Het was al laat in den nacht geworden, voor ik ter ruste kon gaan. Een poos lang lag ik naar een ongewoon rumoer van stampen van paarden en het twisten van stemmen te luisteren, en toen sliep ik in. Echter alleen maar om het derde der avonturen, die mij binnen het tijdsverloop van half een etmaal moesten gebeuren, voor te bereiden. En dìt diende zich zoo aan, dat ik eensklaps, helder wakker schrikkend, in de kussens op ging zitten, en mij de afspraak met mevrouw de Soubise herinnerde: ‘Zaterdag aan den tuinkant, als de avond valt.’ En nu werden de sterren al bleek van den Zondag. Ik had het vergéten. Wat het ook kostte, die beleediging moest worden goedgemaakt.

Zoodra het licht begon te worden, kleedde ik mij aan, niet in mijn reisgoed, maar in het pak van iederen dag, en behoedzaam sloop ik de trap af der bedienden.

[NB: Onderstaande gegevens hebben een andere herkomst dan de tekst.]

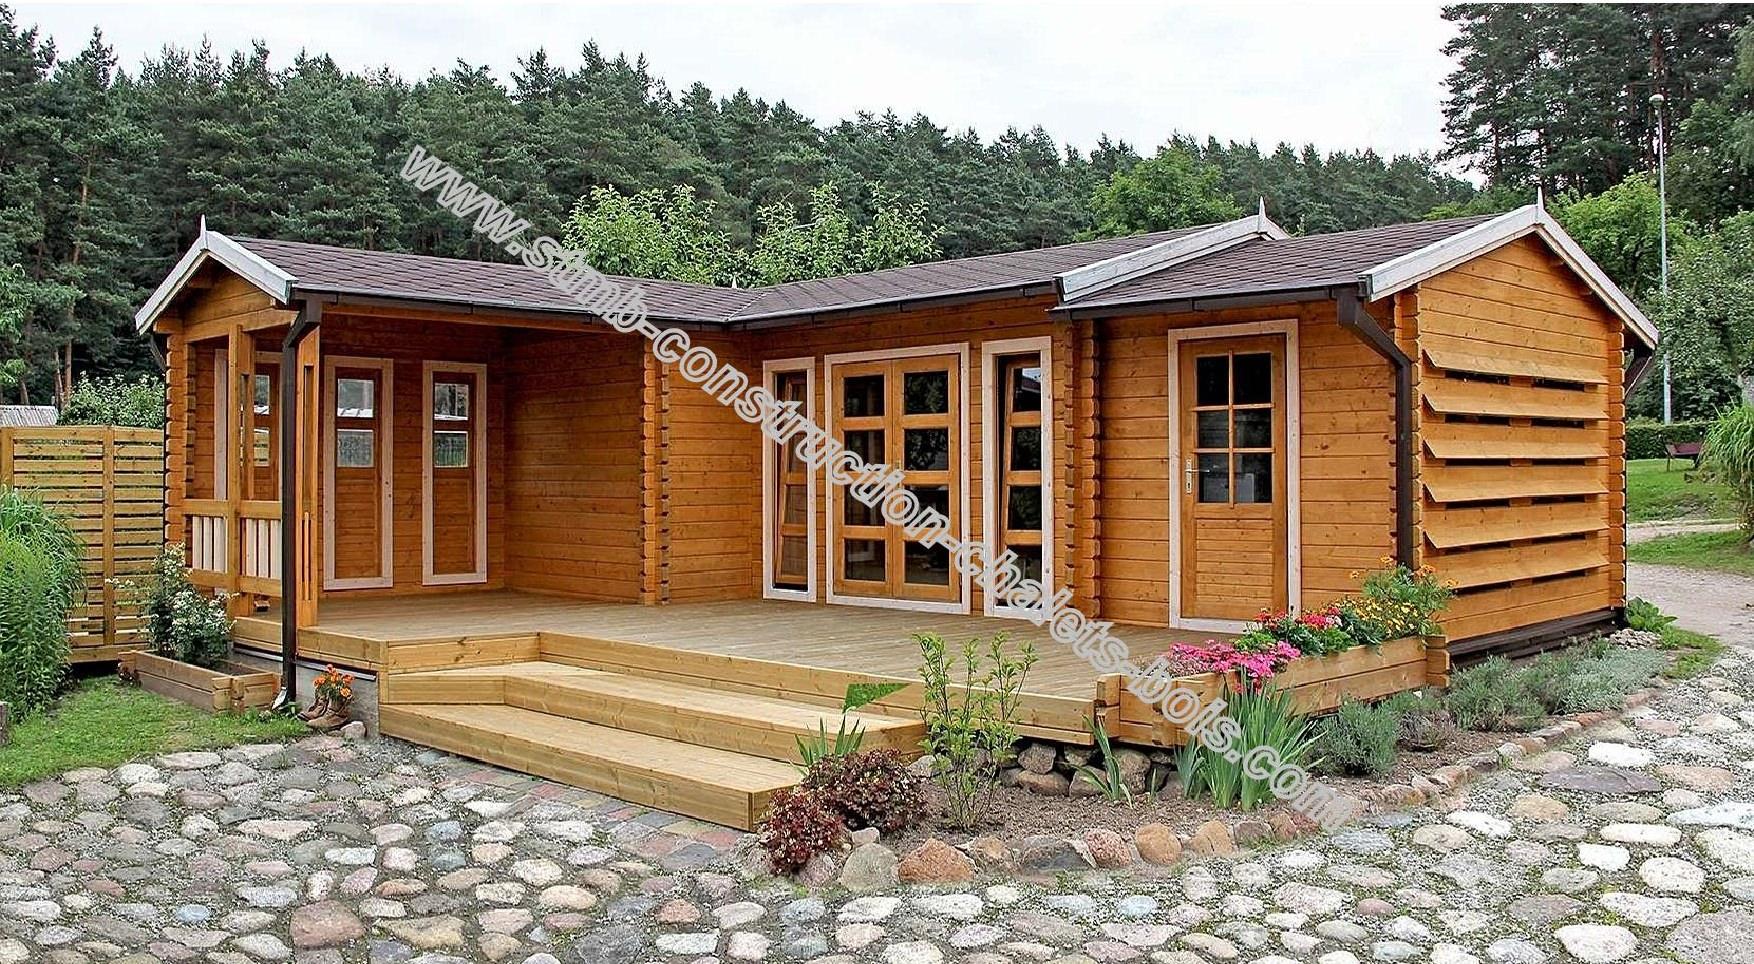 Maison En Bois En Kit 70M2 - Le Meilleur Des Maisons Bois En ... avec Chalet En Kit Bois

Binnen een uur zou ik terug kunnen zijn.

Verlaten lag de straat nog, en terwijl ik mij voortspoedde, zon ik na over een middel, om mevrouw de Soubise te spreken te krijgen. Ik sloeg den hoek om van de straat, waar zij woonde. Ook hier niets dan schemering en stilte. Enkel een eenzame leurder, of was het een landman, liep mij tegemoet. Maar toen

wij elkaar waren genaderd, sprong mijn hart op van vreugde. Wat ik voor een last had aangezien, die naar de markt werd gedragen, bleek een bochel te wezen. De gezellige bult van mijn speelman met bovendien nog een lederen ransel er op vastgebonden. Over een schouder hing de gitaar.

‘En eergisteren ben je al weggereisd.’

‘Eerst nog moest ik U tegenkomen. Zoo dadelijk trek ik de Zuiderpoort uit.’ Met een slim lachje zag hij mij aan.

‘Mijn God, man, ik ga met je mede.’

En in dit onverwachte begin vond deze reeks van wederwaardigheden haar einde.